2. PRINCIPLES OF CONSOLIDATION
Zoltek Companies, Inc. (the "Company") is a holding company, which owns the
stock of the Company's operating subsidiaries, Zoltek Corporation ("Zoltek")
and Zoltek Magyar Viscosa ("Viscosa"). Zoltek is an applied technology and
materials company primarily focused on the low cost manufacturing and
application of carbon fibers used as reinforcement in composite materials.
Viscosa manufactures and markets acrylic and nylon products and yarns to
the textile industry.
Viscosa's consolidated balance sheet was translated from Hungarian Forints
to U.S. Dollars at the exchange rate in effect at the balance sheet date,
while its consolidated statement of operations was translated using the
average exchange rates in effect during the period. Adjustments resulting
from foreign currency transactions are recognized in income, whereas
adjustments resulting from the translation of financial statements are
reflected as a separate component of shareholders' equity. These financial
statements have been prepared in accordance with U.S. generally accepted
accounting principles. All significant intercompany transactions and
balances have been eliminated upon consolidation.
3. ACQUISITION
On December 8, 1995, the Company completed the acquisition of Viscosa.

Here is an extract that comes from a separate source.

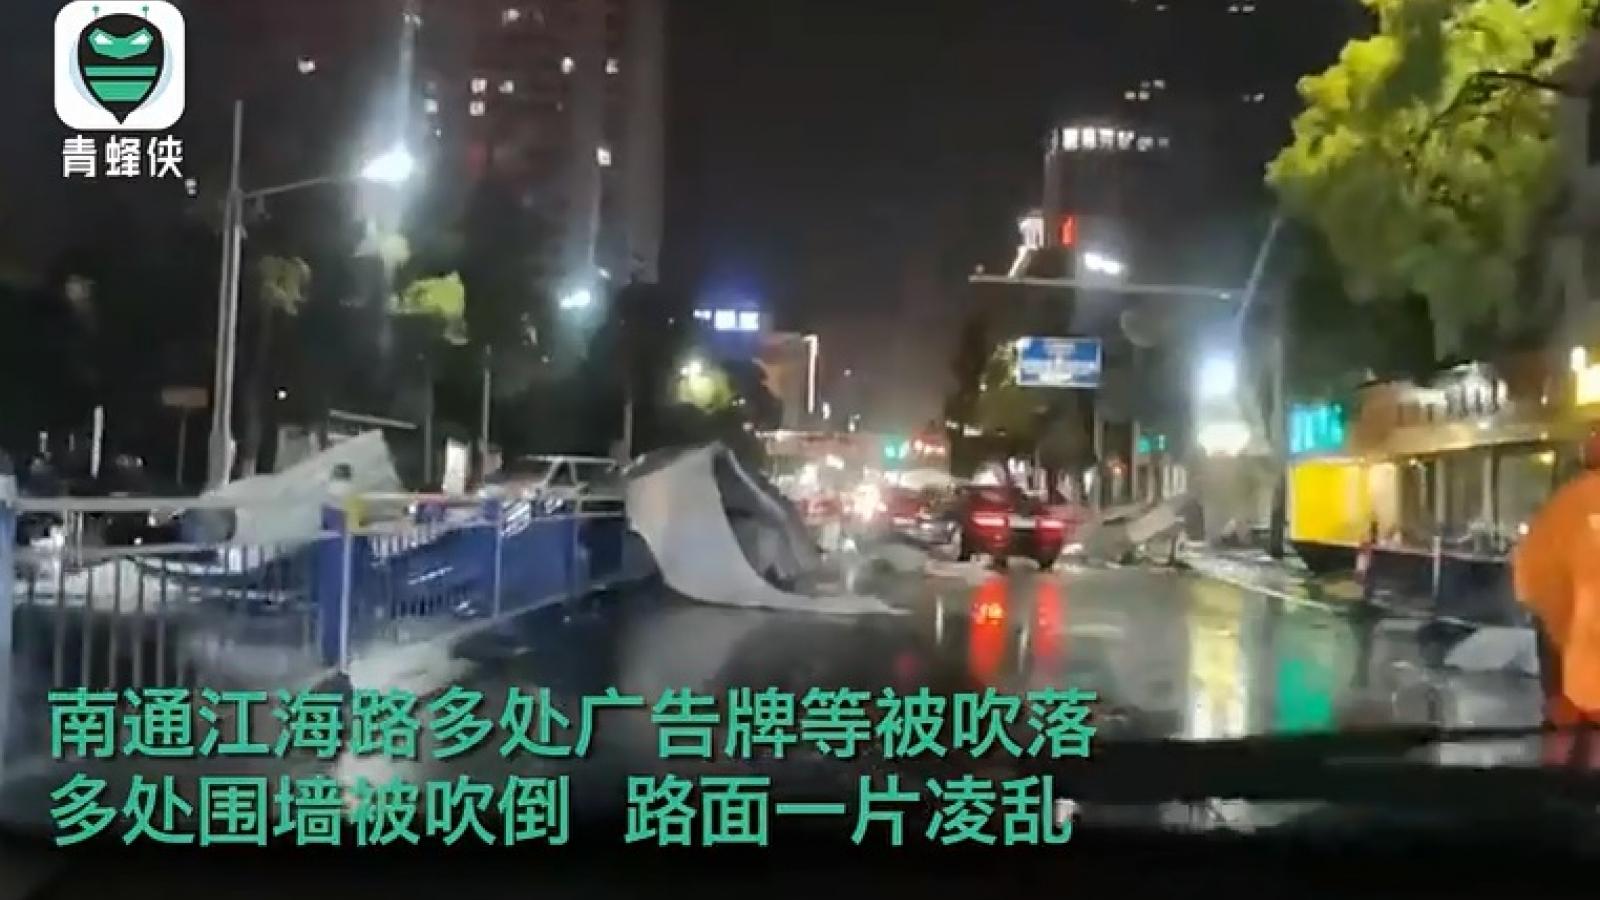 Thời tiết cực đoan ở Giang Tô (Trung Quốc) khiến hơn 100 người thương vong

Pursuant to agreements with the Hungarian State Property Agency and other
shareholders and lenders, the Company acquired approximately 95% of the
equity ownership and substantially all the debt of Viscosa for approximately
$18 million. Subsequently, the Company acquired an additional 4% of the
equity ownership for Company stock and cash with an aggregate value of
$250,000. During fiscal 1996, the Company made $5 million available to fund
Viscosa's working capital requirements and approximately $1.5 million to fund
capital expenditures associated with new continuous carbonization lines which
the Company plans to install at Viscosa. The Viscosa acquisition is reported
under the purchase method of accounting and is included in the Company's
consolidated financial statements from the date of acquisition. The purchase
price allocation includes assets and liabilities acquired at their estimated
fair values. The excess of the fair market value of the assets acquired over
the purchase price was allocated to reduce property and equipment.

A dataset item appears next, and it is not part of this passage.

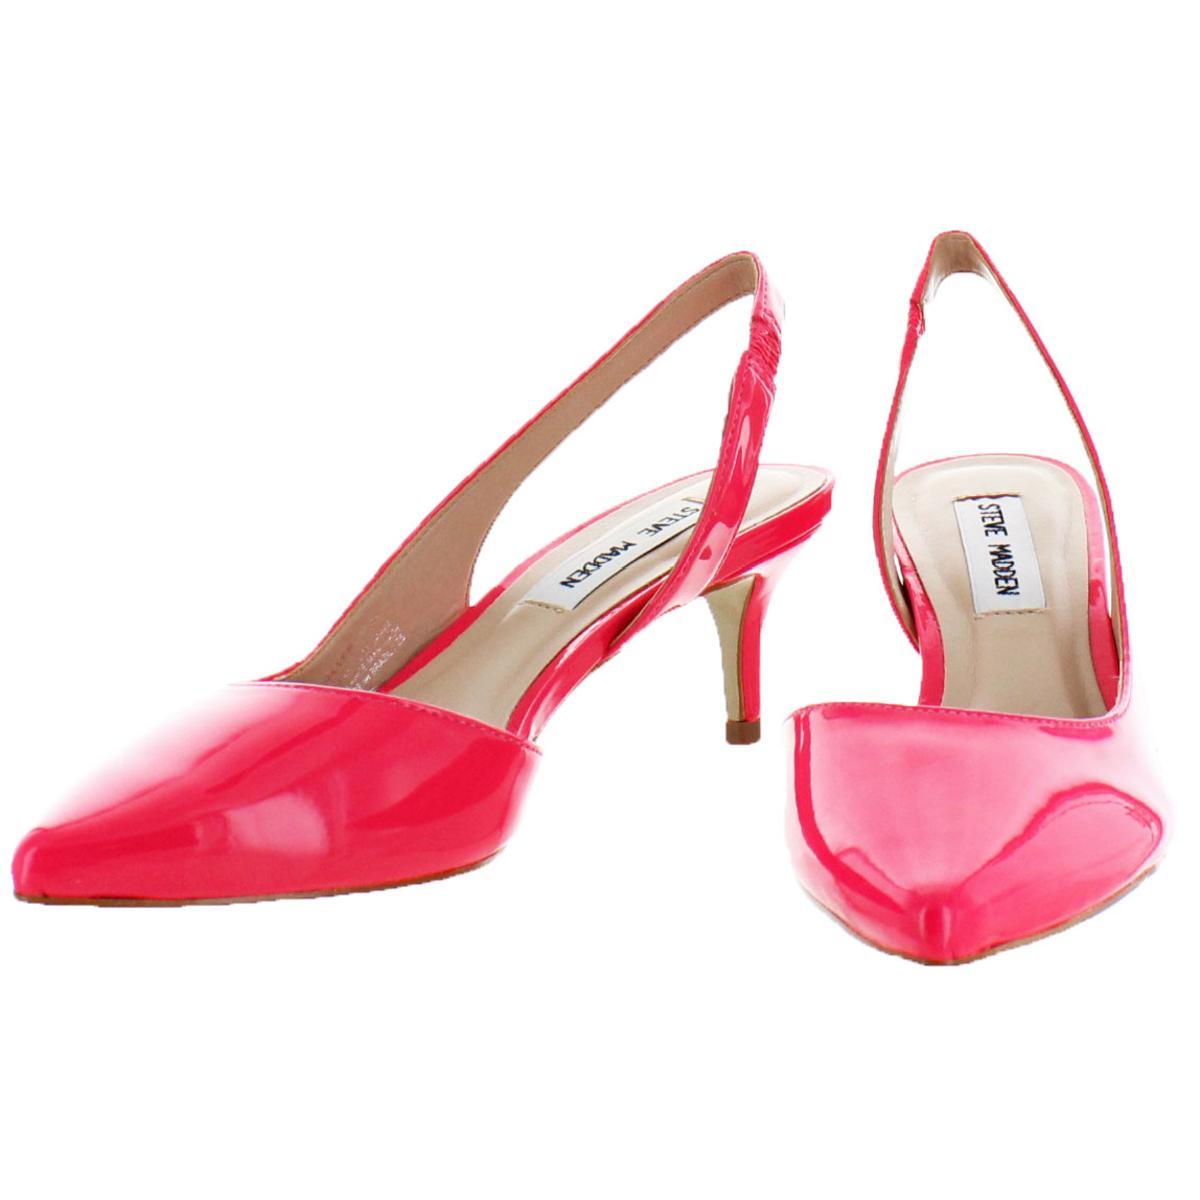 Steve-Madden-Vera-Women-039-s-Slip-On-Pointed-Toe-Half-d-039-Orsay-Slingback-Heels thumbnail 10

The purchase price allocation reflects the recording at the acquisition date
of a liability of $4.0 million related to the estimated cost for
reorganization of the acquired operations, including modification of
facilities layout and possible demolition of obsolete buildings, and product
rationalization, including employee severance and exit costs. The liability
also includes amounts necessary to correct certain identified environmental
deficiencies and enhancements of other environmental compliance systems.

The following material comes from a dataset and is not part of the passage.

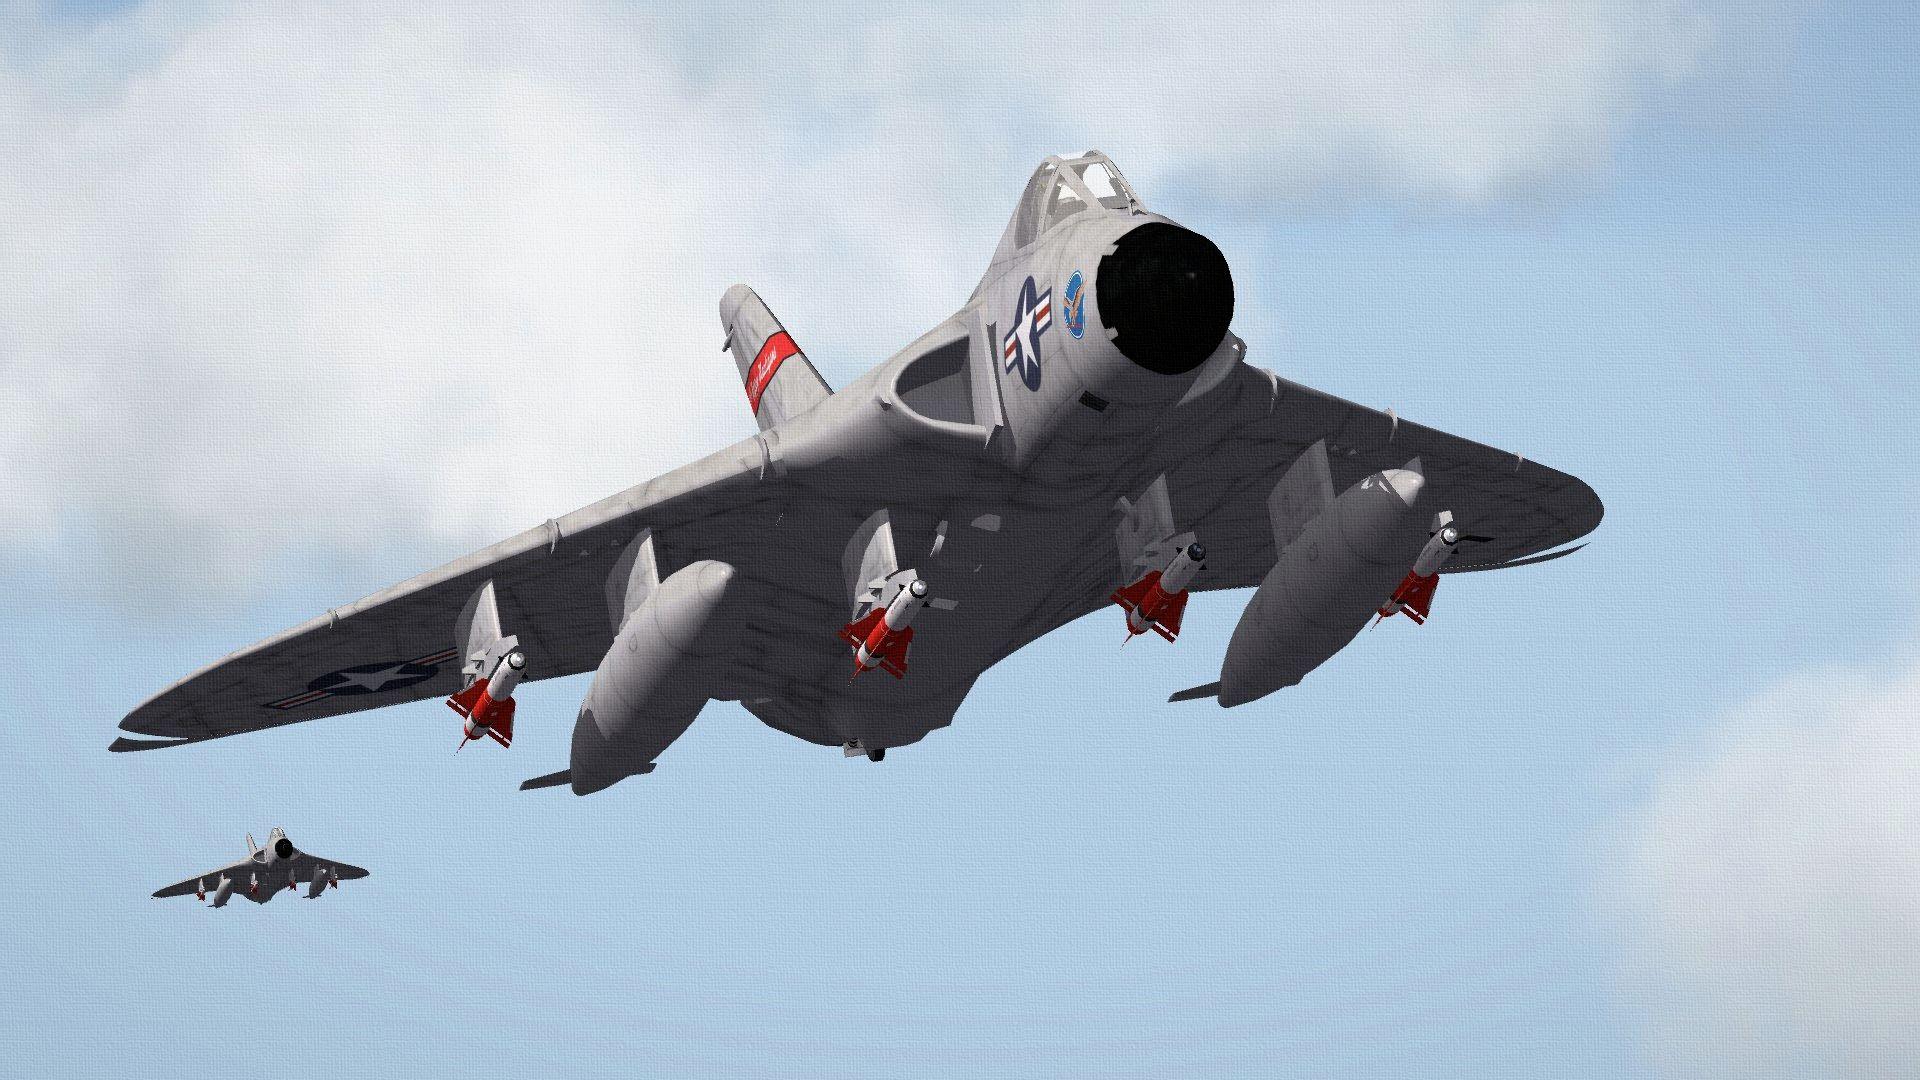 USAFF-6CSKYRAY03_zps9105dcad.jpg

Additionally, the liability includes an amount in respect of a governmental
grant received by Viscosa to finance salary payments to Viscosa's employees
during the period April through December 1993. The grant is repayable by
Viscosa if employment levels decline below 1,850 through 1997, subject to
certain exceptions. Presently, Viscosa's active workforce is below the level
specified by the grant. Viscosa is undertaking to clarify the application of
the calculation and to amend the agreement to confirm Viscosa's
understanding.
- 5 -
<PAGE> 6
Set forth below are unaudited combined results of operations of Zoltek and
Viscosa for the three months ended December 31, 1996 and the unaudited pro
forma combined results of operations of Zoltek and Viscosa for the three
months ended December 31, 1995 as if the Viscosa acquisition had been
completed as of October 1, 1995. The pro forma combined financial
information set forth below is not necessarily indicative of future results
of operations or results of operations that would have been reported for the
periods indicated had the acquisition of Viscosa been completed as of
October 1, 1995.
<TABLE>
<CAPTION>
Three months ended December 31,
-------------------------------
(Amounts in thousands, except per share data)
1996 1995
---------- ----------
<S> <C> <C>
Net sales $ 22,026 $ 20,718
Income before extraordinary items 2,528 864
Net income 2,528 861
Net income per share $.16 $.06
</TABLE>
4. CASH AND CASH EQUIVALENTS
All highly liquid investments purchased with a maturity of three months or
less are considered to be cash equivalents. Such investments amounted to
$74.8 million and $74.0 million at December 31, 1996 and September 30, 1996,
respectively. At December 31, 1996, cash equivalents included $59.7 million
of U.S. Treasury bills.
5. INVENTORIES
<TABLE>
Inventories consist of the following:
<CAPTION>
DECEMBER 31, SEPTEMBER 30,
1996 1996
------------ -------------
(In thousands)
<S> <C> <C>
Raw materials $ 6,183 $ 5,446
Work-in-process 1,331 1,566
Finished goods 5,754 5,585
-------- --------
$ 13,268 $ 12,597
======== ========
</TABLE>
6. PROPERTY AND EQUIPMENT
<TABLE>
Property and equipment consist of the following:
<CAPTION>
DECEMBER 31, SEPTEMBER 30,
1996 1996
------------ -------------
(In thousands)
<S> <C> <C>
Land $ 1,350 $ 1,393
Buildings and improvements 15,825 15,975
Machinery and equipment 19,320 18,905
Furniture and fixtures 2,158 2,134
-------- --------
38,653 38,407
Less: accumulated depreciation (7,578) (6,967)
-------- --------
$ 31,075 $ 31,440
======== ========
</TABLE>
- 6 -
<PAGE> 7
7. SECONDARY STOCK OFFERING
Pursuant to a secondary public offering in November 1995, the Company sold
4,170,000 shares of common stock and received net proceeds of $26.3 million.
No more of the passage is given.